DVD Review: One Hundred Mornings / Cert: 15 / Director: Conor Horgan / Screenplay: Conor Horgan / Starring: Alex Reid, Ciaran McMenamin, Rory Keenan, Kelly Campbell, Robert O’Mahoney / Release Date: Out Now
Filmed in 2009, this low-budget Irish apocalyptic drama is only now seeing the light of day on DVD and sure enough, like most European end-of-the-world fare, this is light years away from the feel good fantasy nature of America’s big brash offerings in the genre. One Hundred Mornings is relentlessly bleak and pessimistic; it’s cold, grey and muddy and its protagonists look as if they’re just waiting for the inevitable as they slide further and further away from the comforts of civilisation.
It’s a simple enough scenario. Some nameless catastrophe (and we never find out what it is) has brought Mankind to its knees. Two couples are rubbing along together in a small cabin in the picturesque Irish countryside, grubbing for food and living on supplies they’ve squirreled-away. They’re occasionally visited by a couple of increasingly-ineffectual officers from the Garda at the nearby village and their next door neighbour is outwardly friendly but fiercely protective of his own territory and his own rights. The quartet get along well enough but slowly the relationship starts to disintegrate as infidelities, insecurities and jealousies rise to the surface, vying for attention with the constant quest for food and comfort. Meanwhile the outside world is slowly closing in as desperate outsiders start to terrorise them and the Garda officers begin to overstep their dubious authority.
Lovers of fast-paced, lively action movies will want to step away from One Hundred Mornings immediately – there’s nothing for them here. This is an intense, brooding, minimalist character piece. There’s a festering resentment between the foursome and the script’s sparse, terse dialogue perfectly complements a film which is all about mood and atmosphere, the main characters ostensibly trapped in an apparently-idyllic environment which affords them the barest of protection against whatever horrors the outside world holds. Occasionally the group wanders into the nearby village which is itself falling apart; debris strewn across the street, abandoned cars, burning braziers – and hardly any other people to maintain the veneer of civilisation.

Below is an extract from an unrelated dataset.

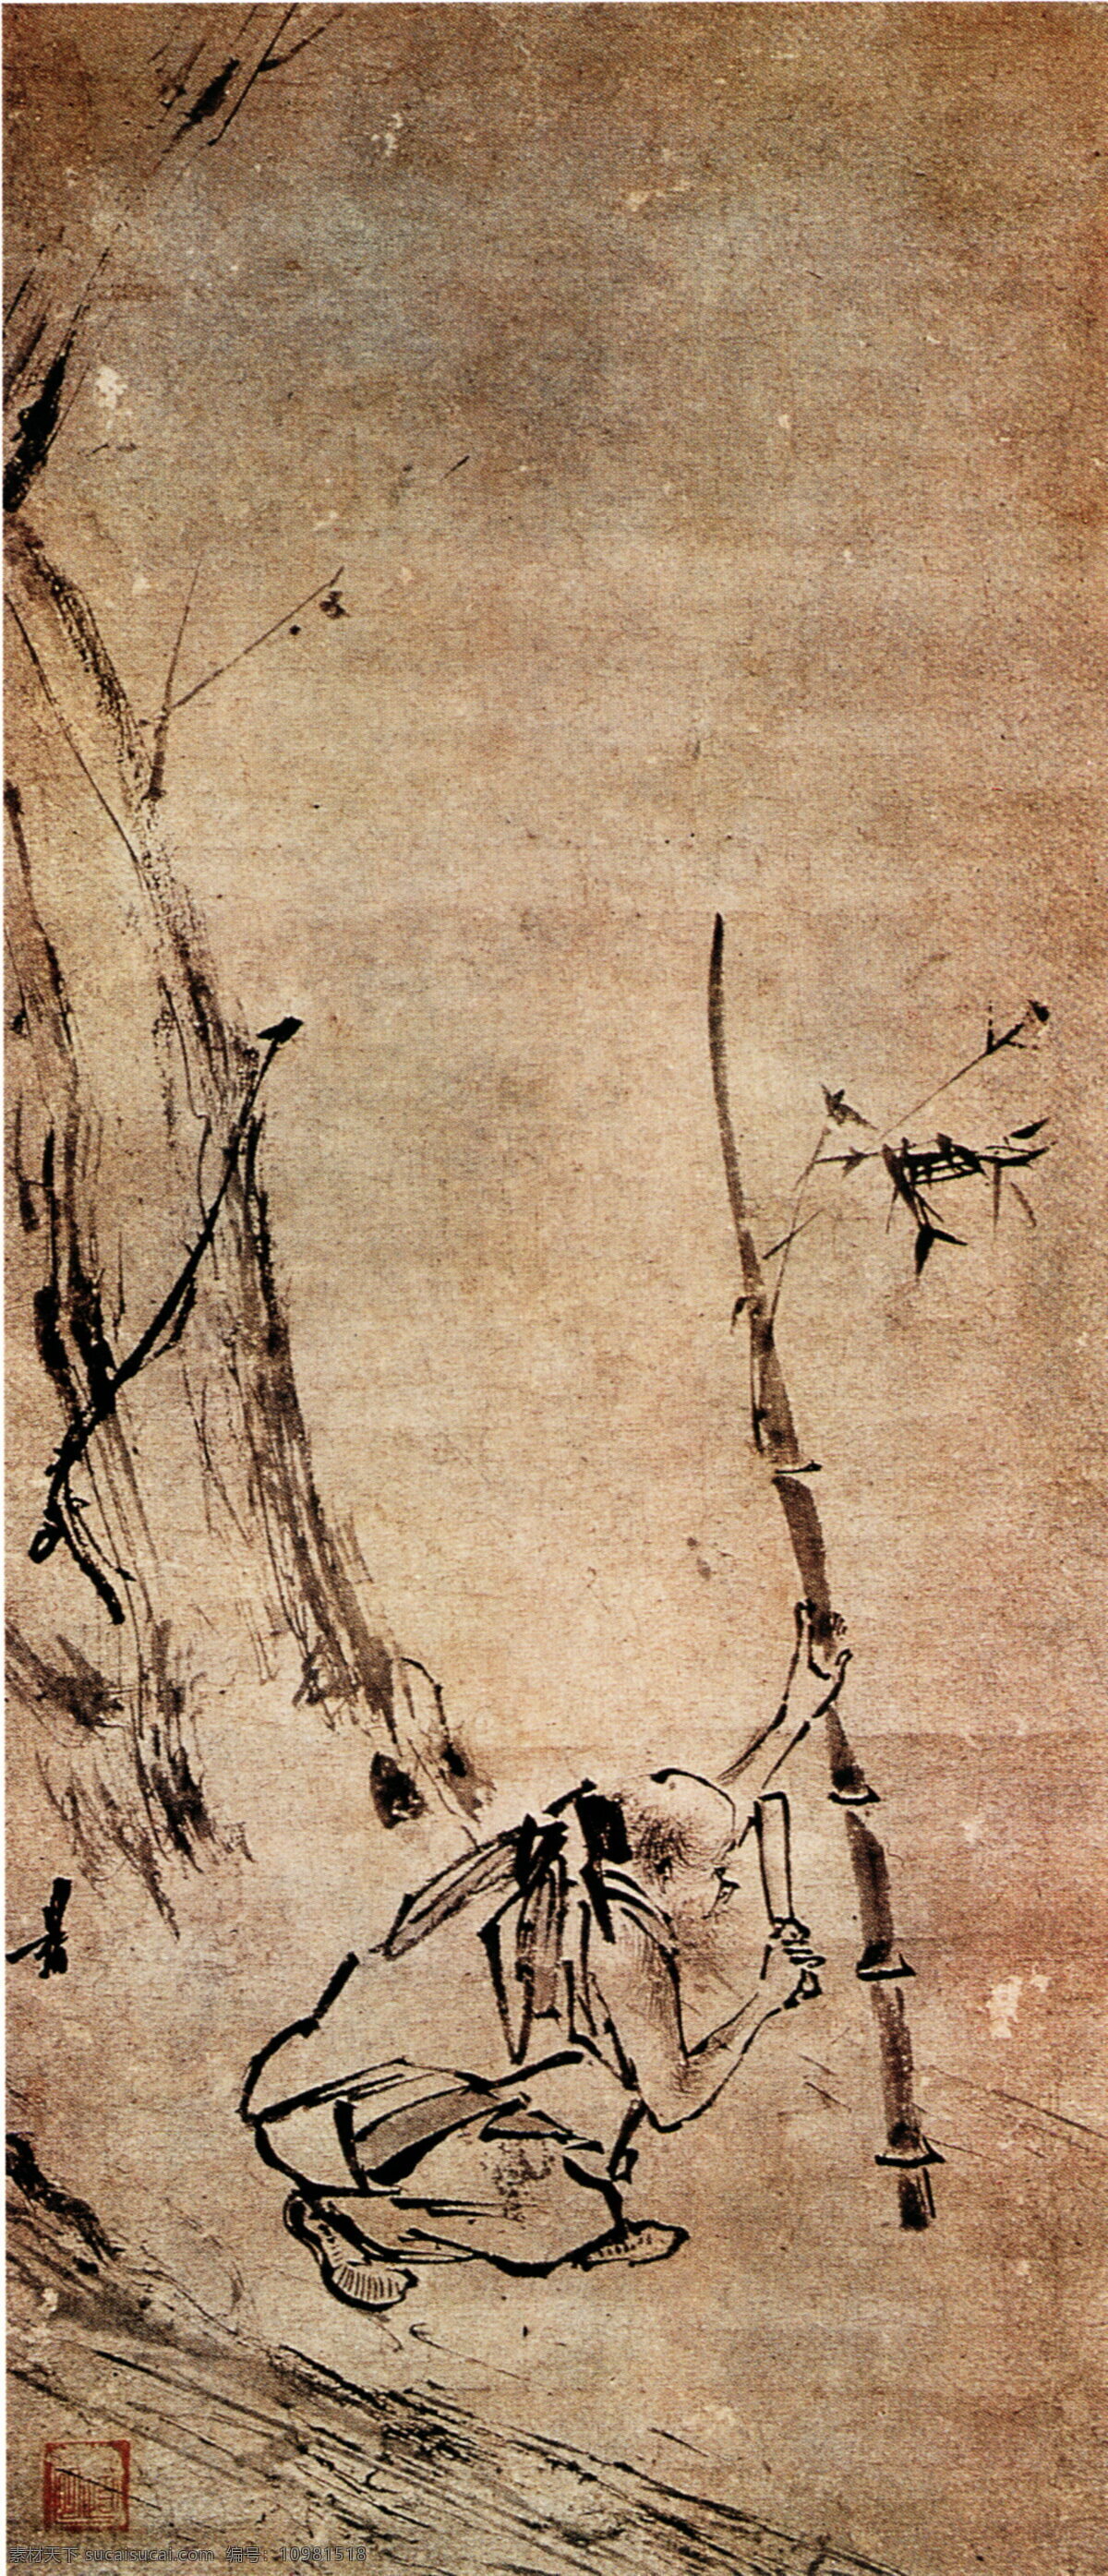 六祖 斫 竹 图 六祖斫竹图 神仙佛像 中国古画 设计素材 古典藏画 书画美术 棕色

Despite its lack of dynamic forward motion – the group chasing a stray sheep is really the closest we get to an action sequence – 100 Mornings is an absorbing, if inexhaustibly downbeat, piece of work and, like the very best apocalyptic fiction, it doesn’t offer much hope or optimism for a better future for those who are left standing at the end. In many ways this is a companion piece to last year’s underrated Perfect Sense and it’s about as far removed from the likes of 2012 andThe Day After Tomorrow as it’s possible to get and it’s all the better for it.